ANJA Presents: Insights from NECANN NJ 2023 - Pinching a Penny so Hard it Screams
Ashley Robins
September 27, 2023
Introduction
The NECANN 2023 conference was a treasure trove of actionable insights for cannabis entrepreneurs. One seminar that particularly caught our attention was "Pinching a Penny So Hard It Screams." This session offered an in-depth look into the financial complexities of running a cannabis business, focusing on four critical stages: Formation, License, Operation, and Exit. In this blog, we'll delve into the seminar's key takeaways, providing examples and recommendations to help you navigate the financial intricacies of the cannabis industry successfully.

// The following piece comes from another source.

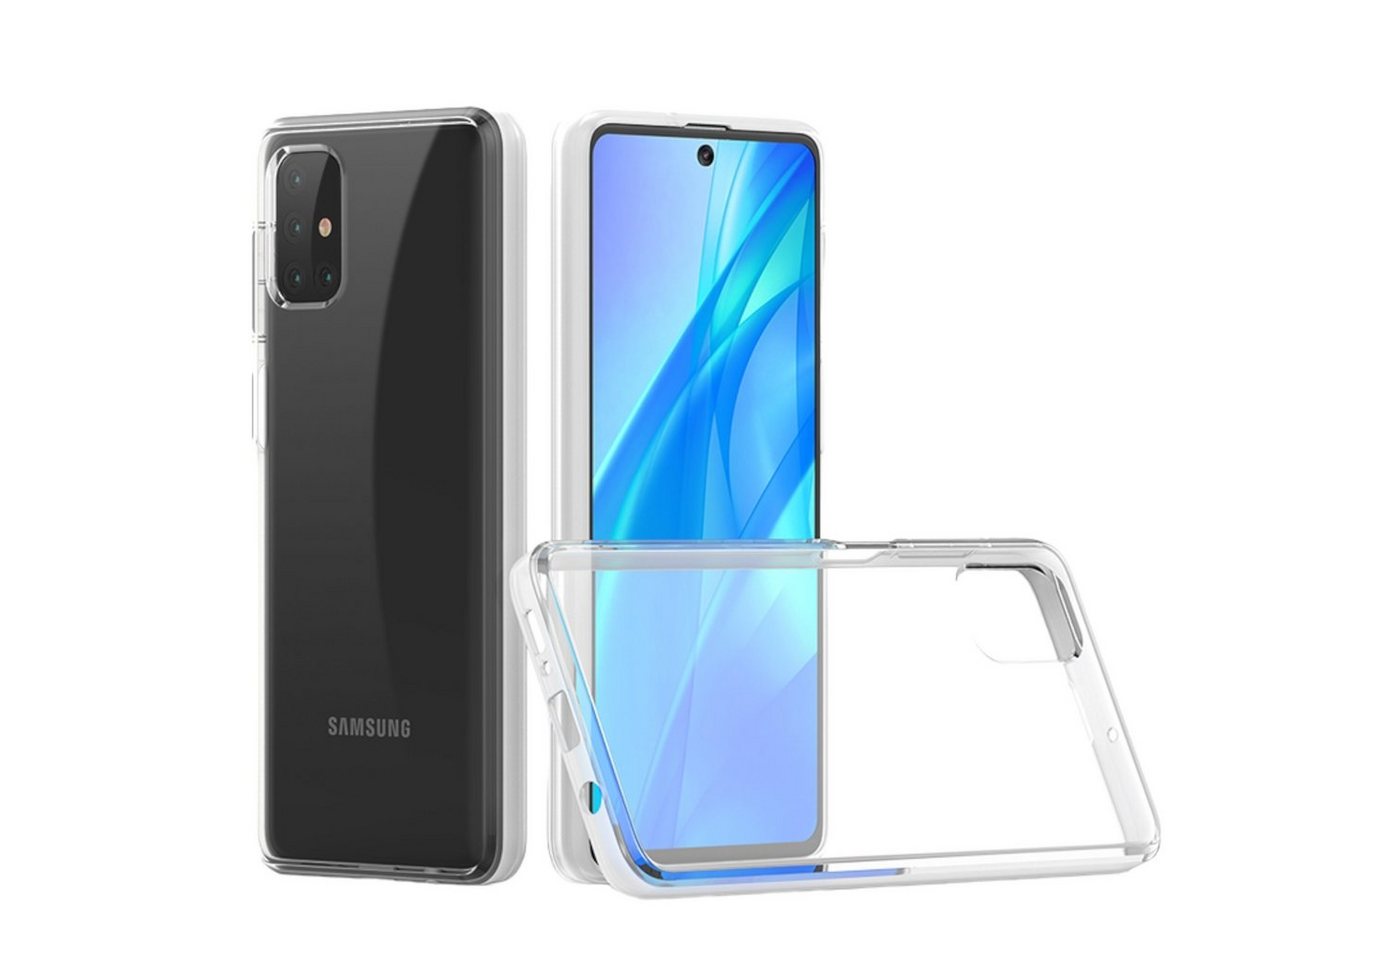 H-basics Handyhülle Samsung Galaxy A71 in Transparent Crystal Clear flexiblem TPU Silikon 16,5 cm (6,5 Zoll), Transparent von H-basics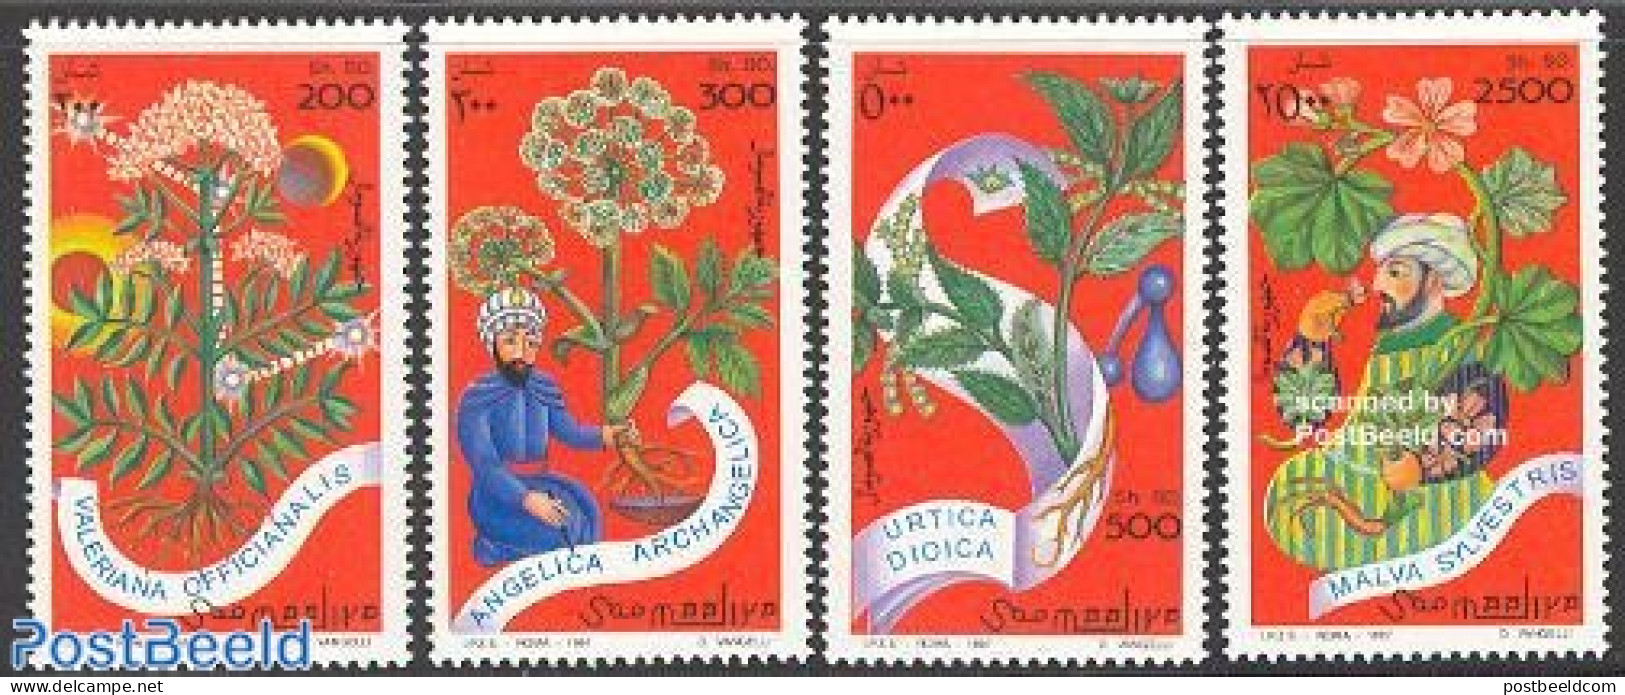 Somalia 1997 Medical Plants 4v, Mint NH, Health - Nature - Health - Flowers & Plants - Somalië (1960-...)

The Four Stages of Enterprise
Formation
The formation stage is where you lay the foundation for your cannabis business. The seminar emphasized the importance of creating a detailed timeline and budget. For instance, you might draft your initial business plan yourself to save on consultancy fees and then have it reviewed by an industry expert. This approach allows you to maintain control over your vision while benefiting from professional insights, thereby saving money without compromising quality.
License
Securing a cannabis license is often a bureaucratic maze filled with unexpected costs. The seminar advised setting aside a contingency fund of at least 20% above your estimated budget to cover unforeseen expenses. Additionally, consider hiring a legal advisor experienced in cannabis licensing to guide you through the process, thereby reducing the risk of costly mistakes or delays.
Operation
Once your business is operational, the focus shifts to efficiency and risk management. The seminar recommended creating a contingency plan that outlines steps to take in various emergency scenarios, such as product recalls or regulatory changes. Additionally, consider joining industry associations or networking groups to stay updated on best practices and available resources that can help optimize your operations.
Exit
The exit stage is crucial but often overlooked. Many operators in the cannabis industry have a long-term goal of being acquired due to the high capital requirements and operational complexities of the industry. If acquisition is your endgame, focus on building a strong brand and customer base from day one. Also, keep detailed financial records and compliance documentation to make your business more attractive to potential buyers.
Banking Considerations: The Safety Net of Multiple Accounts
One eye-opening recommendation from the seminar was to maintain multiple bank accounts for each business entity. This is particularly crucial in the cannabis industry, where sudden regulatory changes can lead to account closures. For example, if you have accounts with three different banks and one shuts you down, you still have access to 67% of your capital. This diversification acts as a financial safety net, ensuring business continuity even in turbulent times.
Building Profitable Relationships
When dealing with banks or other financial institutions, the seminar advised focusing on asset-based negotiations. For example, if you own the property where your dispensary is located, that's a valuable asset that can be leveraged in financial discussions. Building strong relationships with your bankers by regularly updating them on your business milestones can also help you negotiate better terms and conditions.
Conclusion
Financial planning in the cannabis industry is a complex endeavor, but it's far from impossible. By understanding the four key stages of a cannabis enterprise and implementing strategic financial planning, you can effectively "pinch a penny" without sacrificing your business objectives. The seminar's advice on banking diversification and strategic exit planning offers invaluable insights for both newcomers and seasoned cannabis entrepreneurs.